According to our sister paper The Manica Post, the demonstrations followed statements by a 17-year-old Form Three pupil to the effect that she was no longer interested in killing people.
She was quoted saying she was initiated by simply accepting a chocolate from a Satanist colleague, adding that 398 female and two male pupils were Satanists.
“Each of the 400 students initiated into Satanism had a big black snake that one would leave behind in bed or in class each time they went out for their routine blood sucking errands,” The Manica Post reported.
Provincial education director Mr Edward Shumba reportedly rushed to the school to investigate.
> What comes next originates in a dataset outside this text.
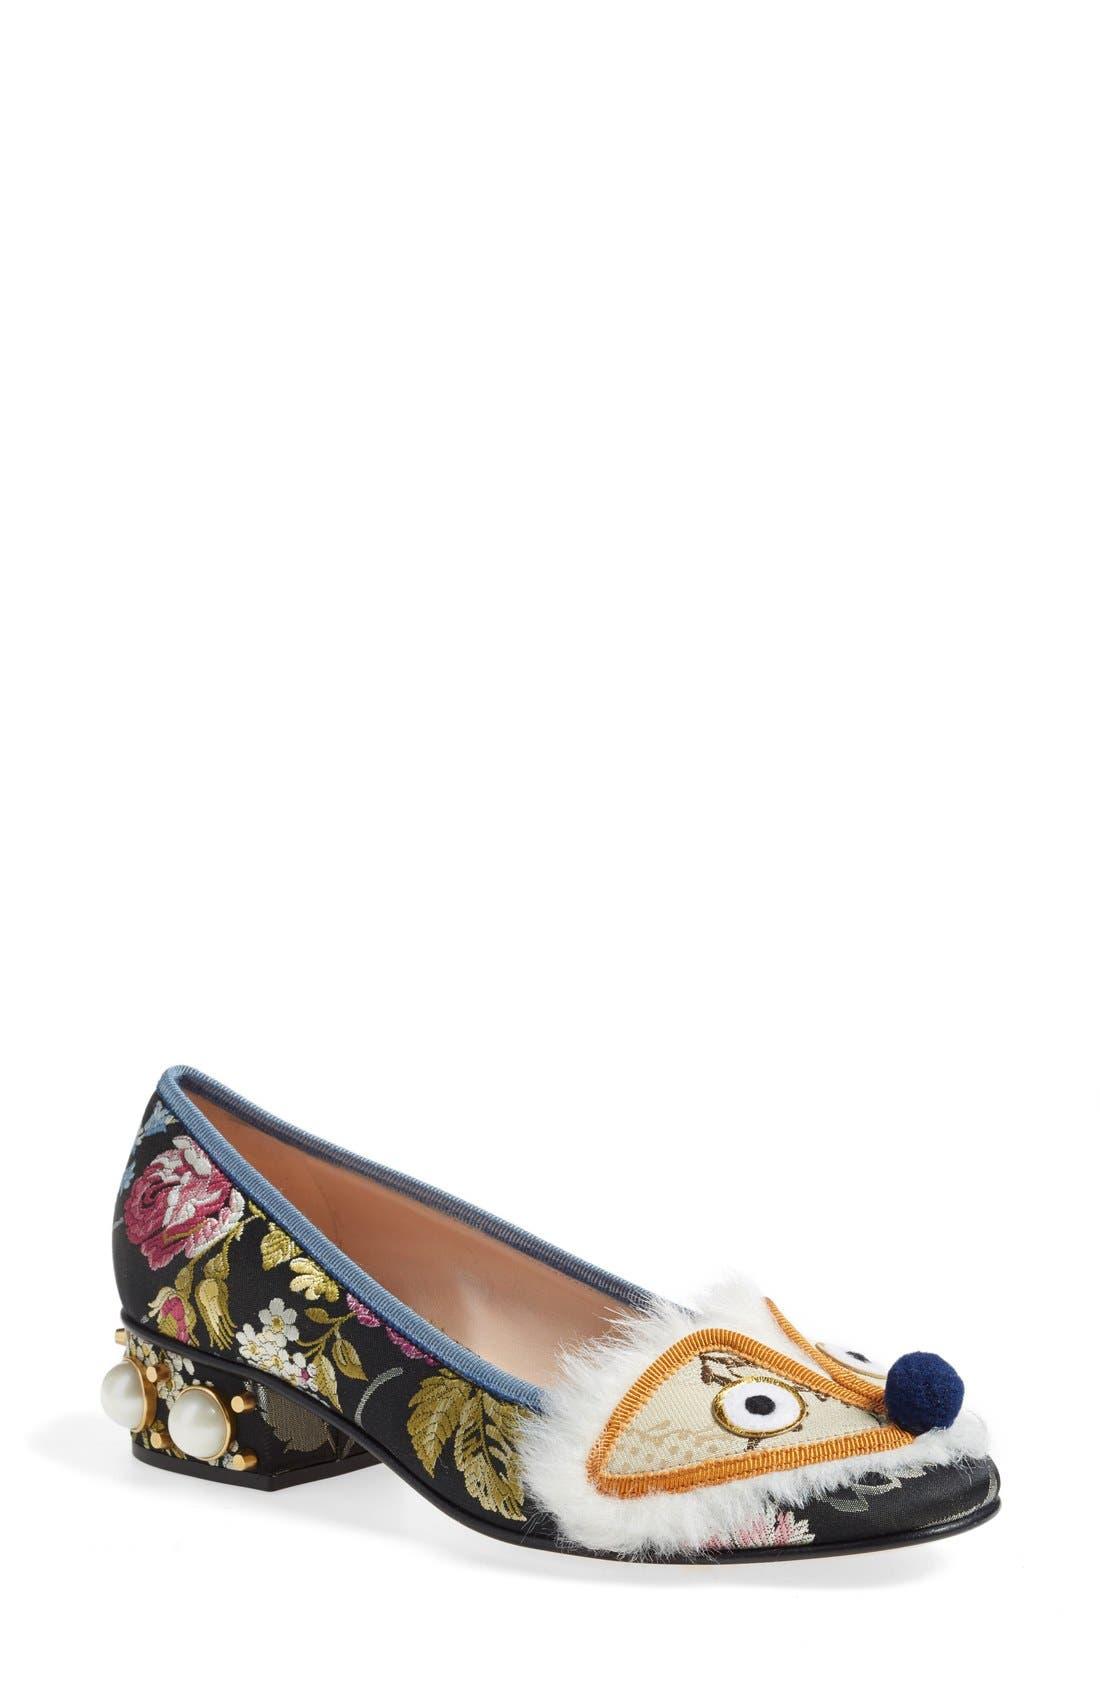 Alternate Image 1 Selected - Gucci 'Kimberly' Embellished Pump (Women)

And Dr Dokora said apart from this possibly being a case of hysteria, people jealous of the teacher in question — who has a 100 percent pass rate — could have stirred the allegations.
“She lives in the same community; she might have some misunderstandings with people in the area which might have prompted the whole thing. There is a story behind the whole saga that happened at the school which is not Satanism therefore the ministry cannot involve itself in such,” he said.
“School children have a tendency of behaving in a hysterical manner especially when they are in a group. The parents who claim that their children travelled to India are subject of psychiatric chairs or else they need rehabilitation.”
He added that the pressure of mid-term testing could also be to blame.
A Professor of Religion who declined to be named concurred with the minister, saying such things could happen as children succumbed to stress.
Another religion expert, Dr David Bishau, added: “Satanism is in itself a secret religion and it would be very difficult for the alleged teacher to have initiated 400 school children at once unless she confessed that it was her intention to do so.”
As reported by The Sunday Mail on April 7, 2013, traditionalists link hysteria to evil spirits.
“On the other hand scientists point to a minor brain disorder while the general population believes it is Satanism,” it was reported.
An online source also says, “Hysteria is caused by emotional excitability, such as fear or panic, and disturbance of the sensory, motor and psychic functions of humans. It can be a result of past trauma, undue stress, history of abuse and repression of sexual feelings.
‘‘Psychologists further describe hysteria as an overwhelming and unmanageable excitable behaviour.”
In 2009, 56 pupils at Eaglesvale High School in Harare reportedly transferred from the elite school amid reports of mass hysteria blamed on a “cult”.
The children were said to be speaking in strange voices, fought each other, and damaged walls and windows.
At Nemamwa Primary school in Masvingo the same year, pupils reportedly started screaming wildly and complaining of visions of snake-like creatures at the Reformed Church in Zimbabwe-run institution.
Masvingo had another such case in 2011 at Mashoko High School where suspected mass hysteria affected hundreds of pupils as the children spontaneously screamed, ran and fell while mumbling inaudibly before becoming unconscious.
Another case was reported in 2012 at Yemuranai Primary School in Mufakose, Harare where over 30 pupils became hysterical, among them Grade One and Two children who became violent, exhibited extraordinary strength and spoke in unusual voices.
Fast forward to 2013, female students at Neshaya Secondary School in Hwange said they saw their headmaster carrying a bottle filled with hot blood.
Four girls are said to have fainted, prompting parents to withdraw their children from the school before it was temporarily closed after some pupils boycotted classes.